Durante a fase de testes, os pesquisadores trabalharam com réplicas dos fragmentos para calibrar o robô e avaliar sua precisão, protegendo os materiais originais insubstituíveis.
Resultados e Aplicações
Os testes focaram em afrescos de teto da Casa dos Pintores em Trabalho, na Insula dos Amantes Castos, e da Schola Armaturarum. Esses locais representam desafios complexos, com fragmentos de diferentes períodos e tipos de dano.
Apesar da autonomia do robô na sugestão de encaixes, a participação humana permanece crucial.
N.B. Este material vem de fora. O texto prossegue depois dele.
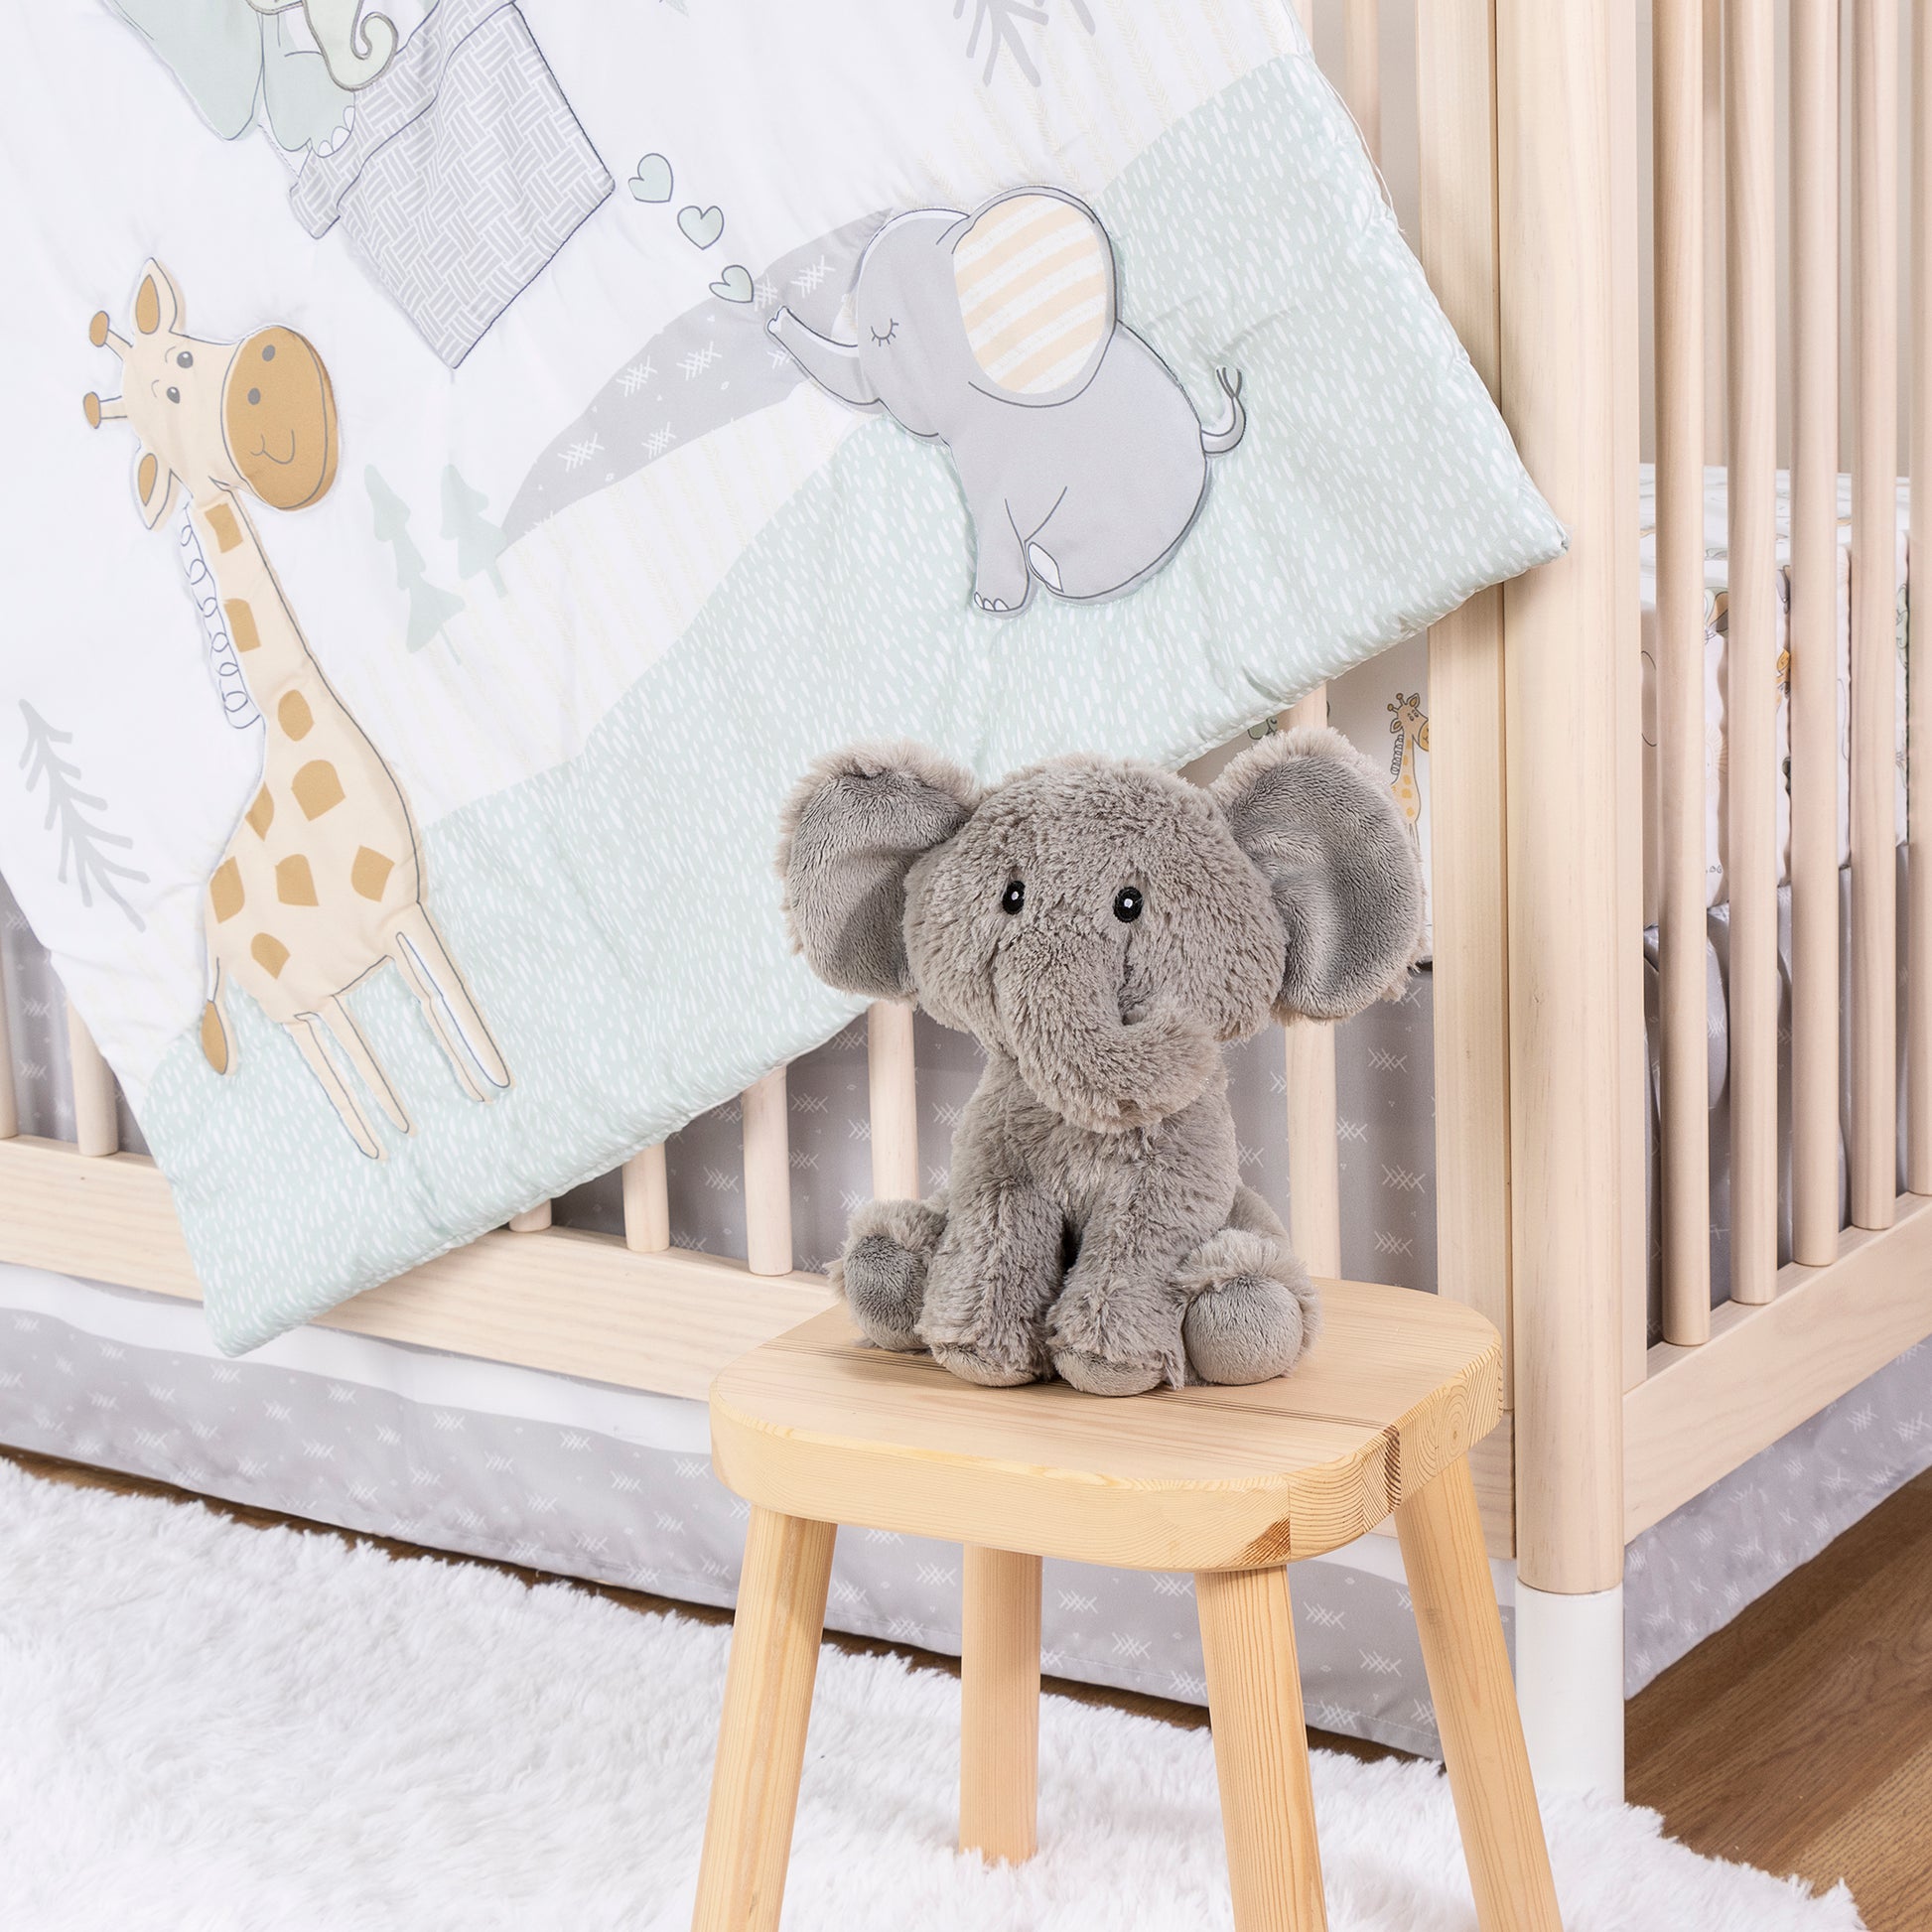 Elephant Plush Toy- stylized nursery image

Arqueólogos e restauradores acompanham o processo para validar as associações propostas, corrigindo erros e decidindo quais encaixes são historicamente e materialmente coerentes. O diretor do Parque Arqueológico de Pompeia enfatiza que a tecnologia não substitui o trabalho humano, mas o transforma, liberando os especialistas para a interpretação e análise mais aprofundada.
Desdobramentos e Futuro da Arqueologia
O projeto RePAIR, que começou em setembro de 2021 e foi concluído em outubro de 2025, pavimenta o caminho para uma nova era na arqueologia e restauração. A tecnologia tem potencial para ser aplicada em outros sítios arqueológicos e na recomposição de outros tipos de artefatos fragmentados, como vasos e ânforas, que hoje são considerados impossíveis de restaurar manualmente.
Pesquisadores da Universidade de Bonn, que desenvolveram métodos de planejamento de movimento para os braços robóticos, veem um futuro onde sistemas robóticos inteligentes contribuam significativamente para a preservação do patrimônio cultural globalmente. A iniciativa destaca como a colaboração entre IA, robótica e arqueologia pode acelerar descobertas e preservar detalhes da história e cultura que de outra forma seriam perdidos.